### Exercise instructions
Your job is to give again, exactly and with no additions, the lines in the records below from the one with "一线信息云计算 - 国内云服务器、香港云服务器、国内虚拟主机、国内服务器租用托管服务提供商-一线云平台" through the one with "6番手で力投する堀岡隼人", both included. Omit the pictures.

### Records provided
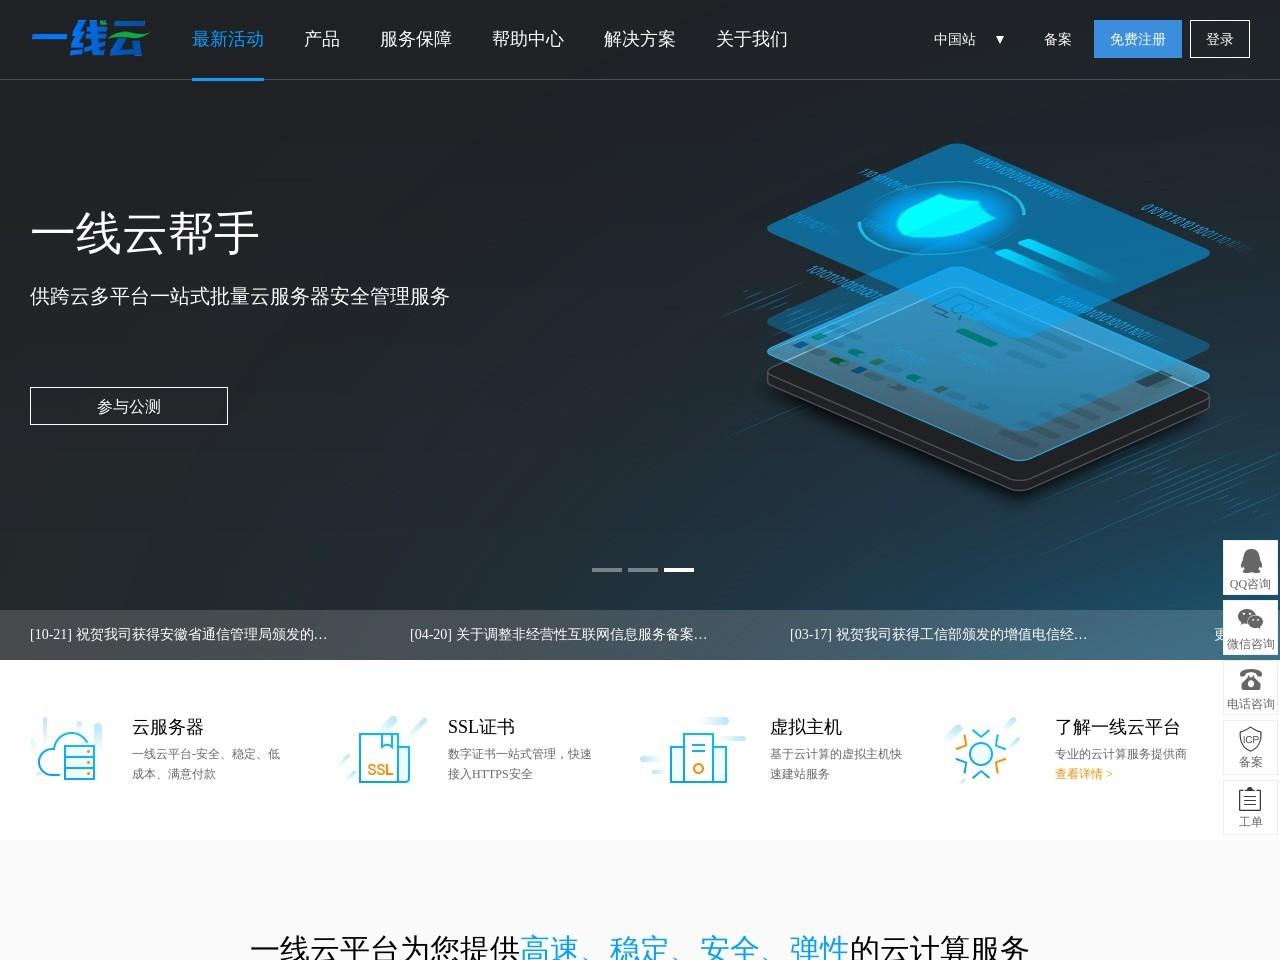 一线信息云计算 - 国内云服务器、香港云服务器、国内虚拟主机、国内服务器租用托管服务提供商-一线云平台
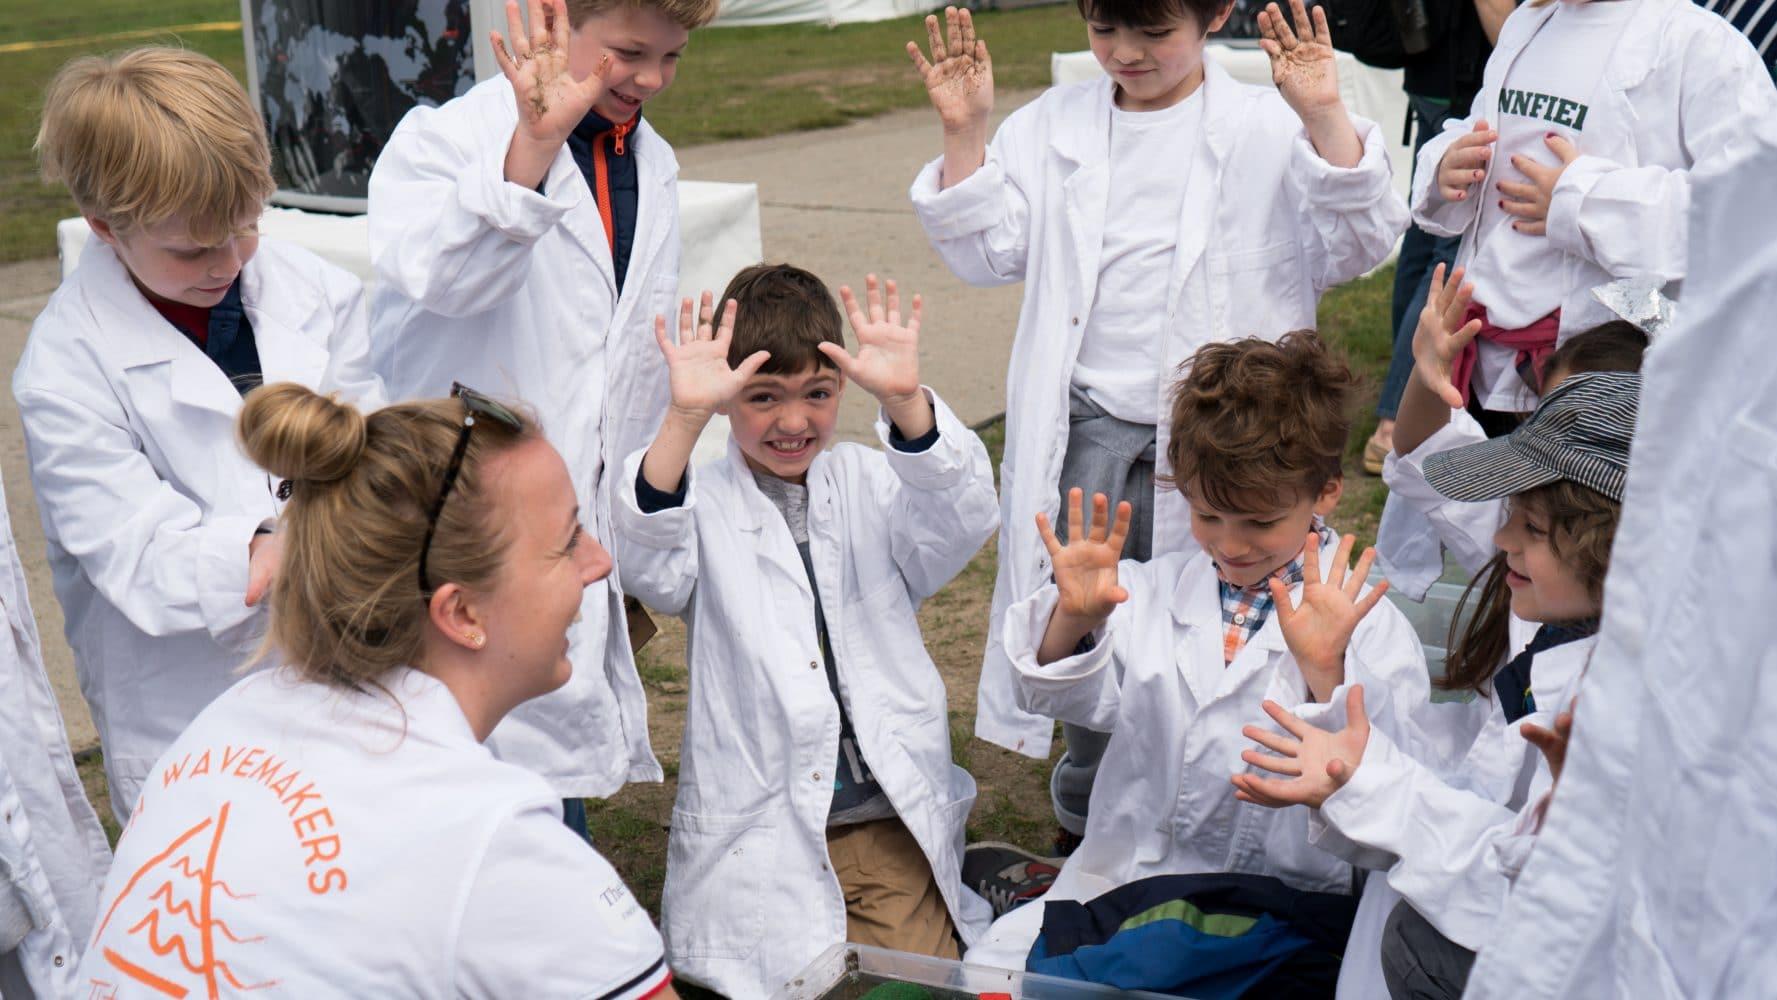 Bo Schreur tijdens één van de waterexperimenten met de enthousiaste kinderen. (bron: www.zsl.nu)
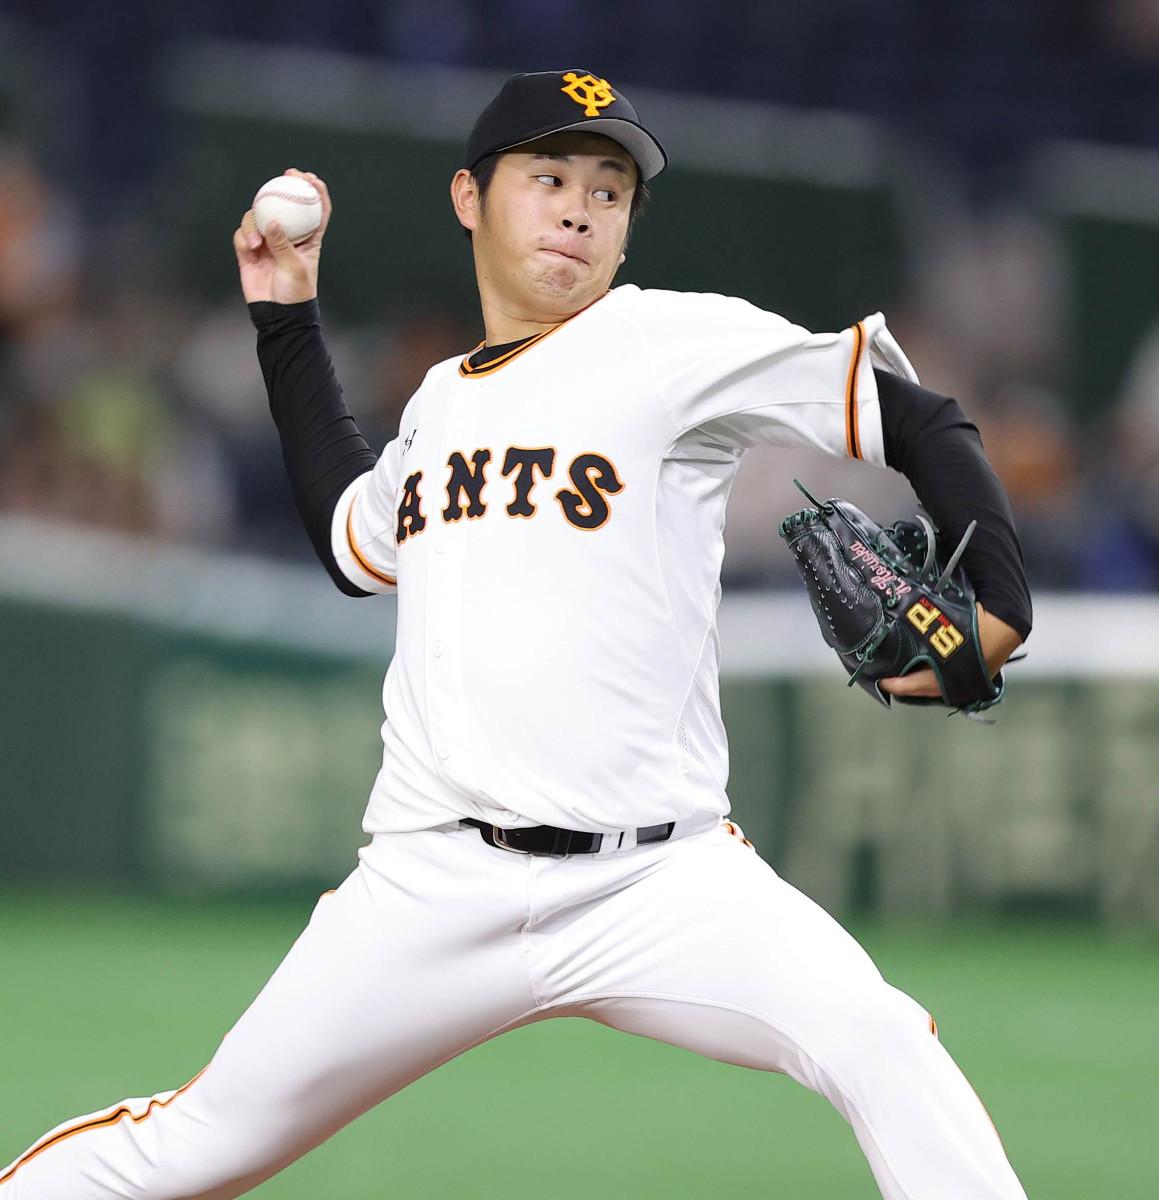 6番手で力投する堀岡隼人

---

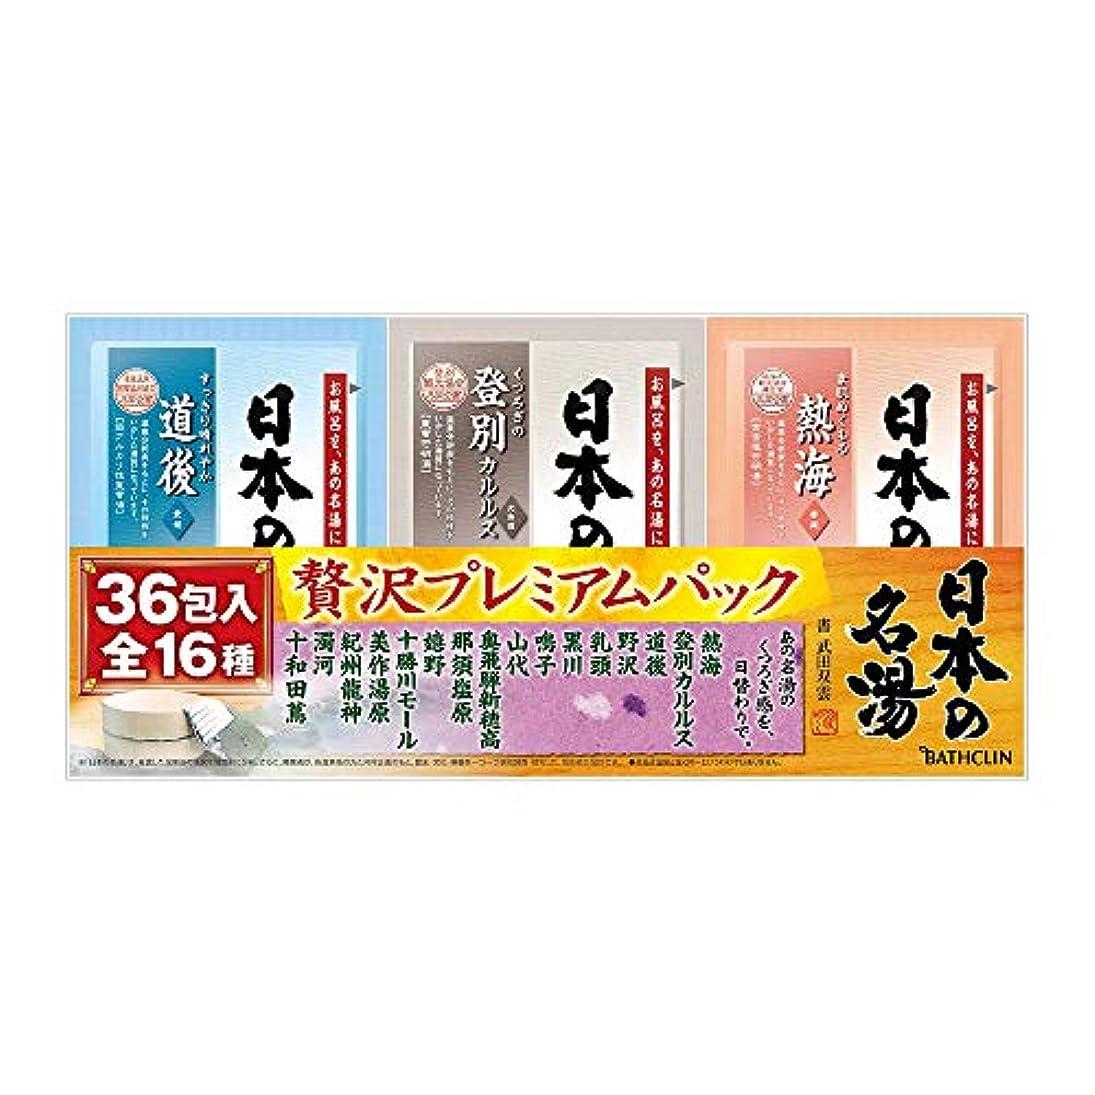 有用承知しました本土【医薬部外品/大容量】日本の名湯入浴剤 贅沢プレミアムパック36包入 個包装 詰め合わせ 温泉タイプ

### Response
 一线信息云计算 - 国内云服务器、香港云服务器、国内虚拟主机、国内服务器租用托管服务提供商-一线云平台
 Bo Schreur tijdens één van de waterexperimenten met de enthousiaste kinderen. (bron: www.zsl.nu)
 6番手で力投する堀岡隼人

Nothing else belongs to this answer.